- EXCERPTED DATA
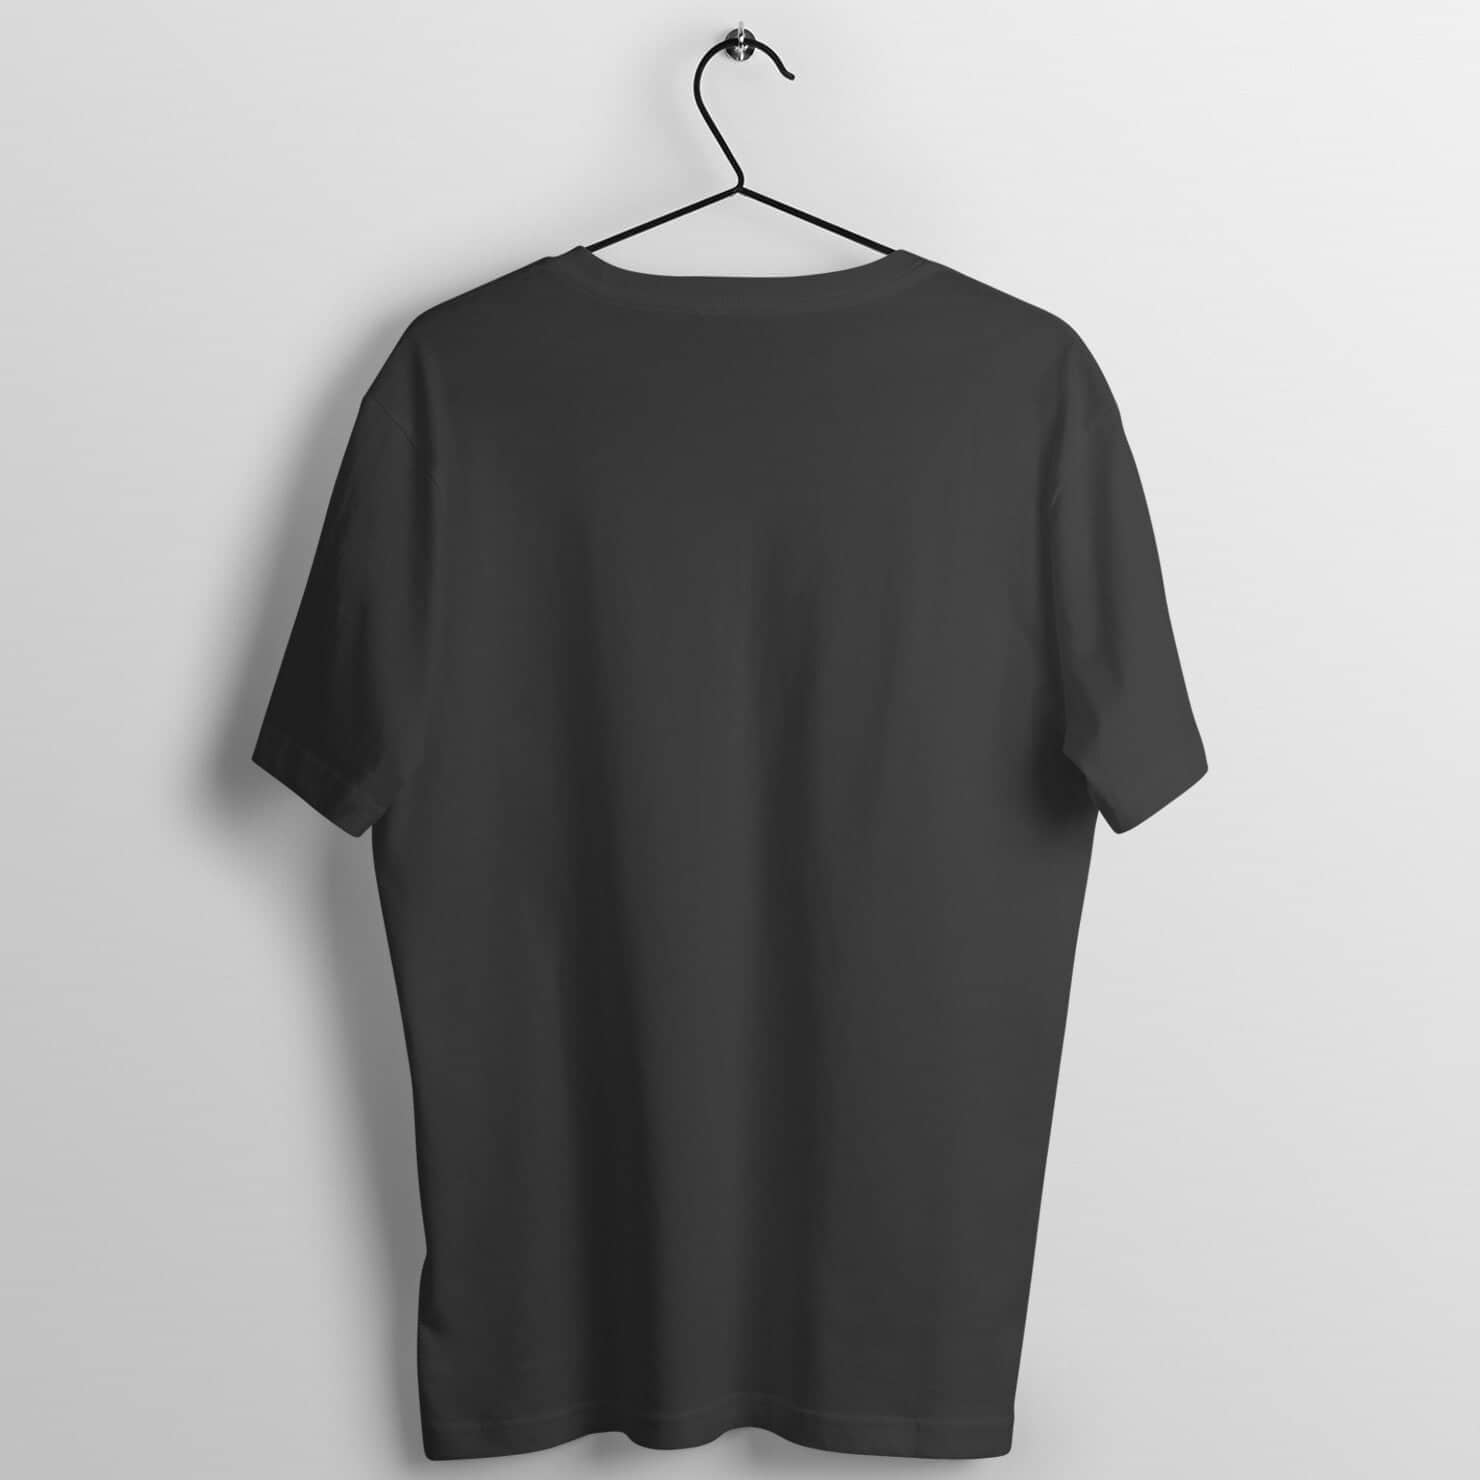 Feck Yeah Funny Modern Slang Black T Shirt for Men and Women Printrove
...
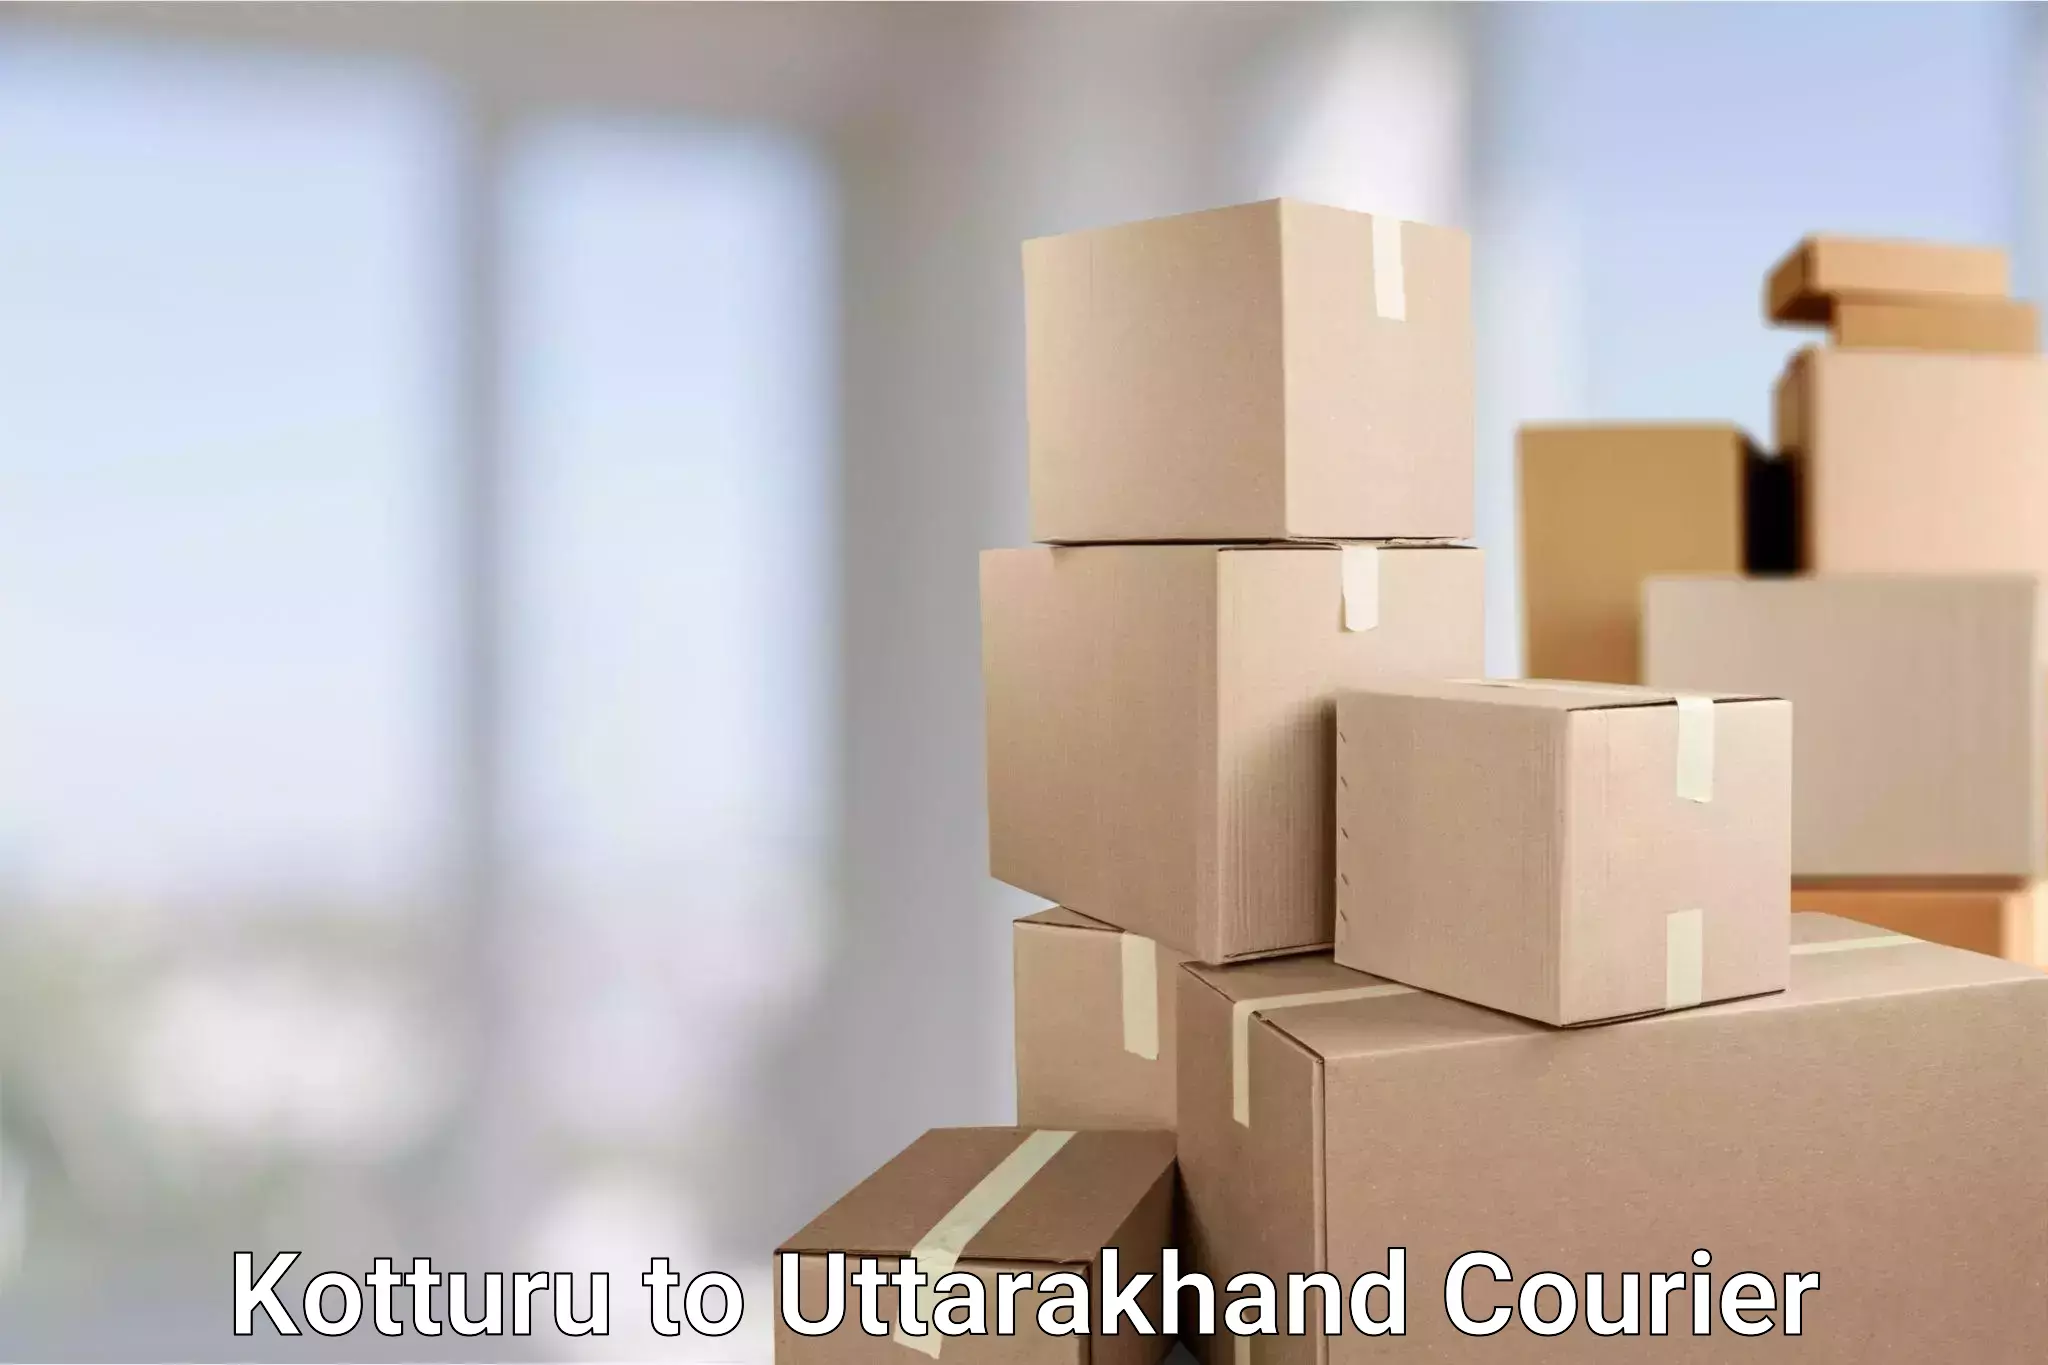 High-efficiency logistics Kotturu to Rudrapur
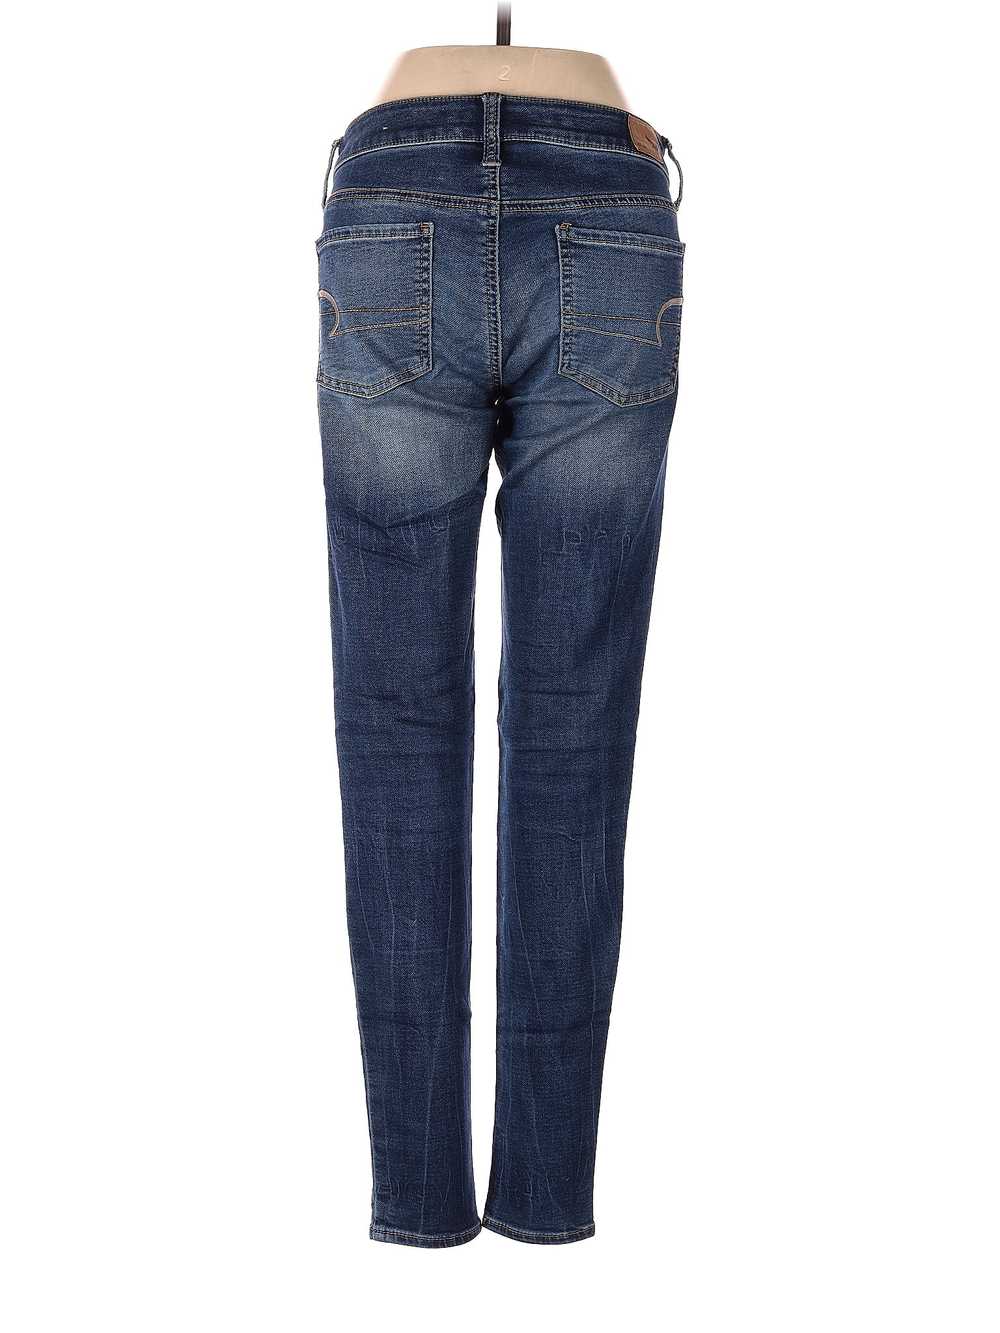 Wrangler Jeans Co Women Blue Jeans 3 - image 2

- EXERCISE PROMPT
Beginning at the line that has "High-efficiency logistics Kotturu" and ending at the line that has "Wrangler Jeans Co", restate the listing above word for word, pictures left out.

- EXERCISE RESPONSE
 High-efficiency logistics Kotturu to Rudrapur
 Wrangler Jeans Co Women Blue Jeans 3 - image 2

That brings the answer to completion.